— DATA RECORDS —
Start of Block

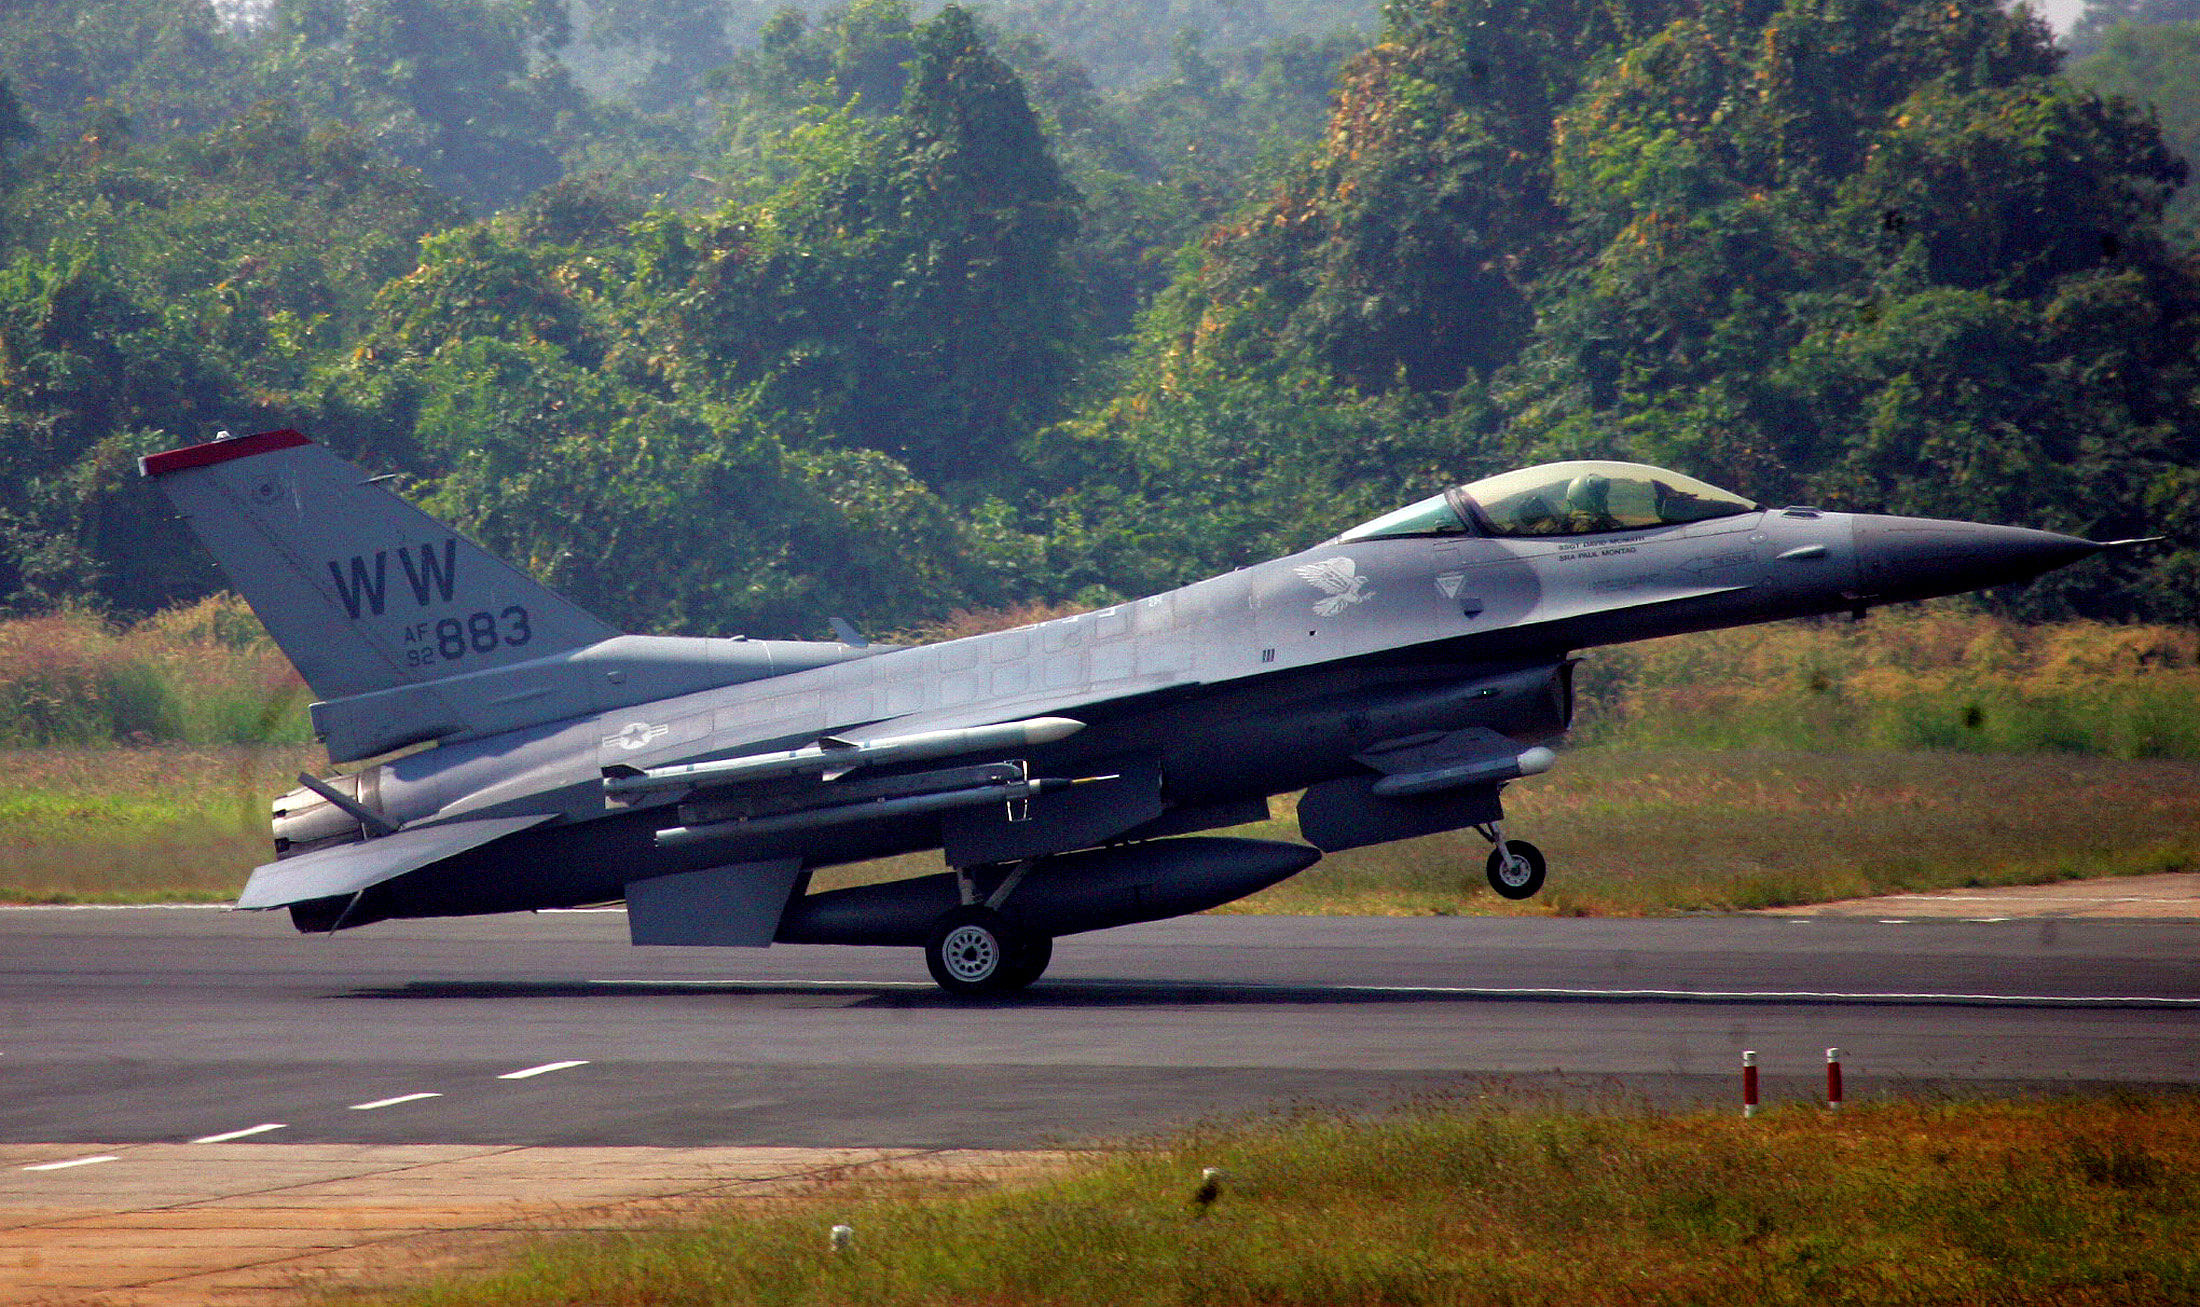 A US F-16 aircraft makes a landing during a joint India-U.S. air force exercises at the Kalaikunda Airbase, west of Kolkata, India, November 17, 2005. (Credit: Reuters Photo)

End of Block
Start of Block

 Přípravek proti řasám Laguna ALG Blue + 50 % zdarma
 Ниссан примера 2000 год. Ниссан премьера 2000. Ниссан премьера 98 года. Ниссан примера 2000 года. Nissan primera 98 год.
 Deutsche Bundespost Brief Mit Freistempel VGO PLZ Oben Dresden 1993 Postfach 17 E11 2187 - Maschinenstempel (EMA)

End of Block

— TASK BRIEF —
The answer is the run of lines above from the line containing "Ниссан примера 2000 год." through the line containing "Deutsche Bundespost Brief", copied exactly and alone.

— ANSWER TO THIS TASK —
 Ниссан примера 2000 год. Ниссан премьера 2000. Ниссан премьера 98 года. Ниссан примера 2000 года. Nissan primera 98 год.
 Deutsche Bundespost Brief Mit Freistempel VGO PLZ Oben Dresden 1993 Postfach 17 E11 2187 - Maschinenstempel (EMA)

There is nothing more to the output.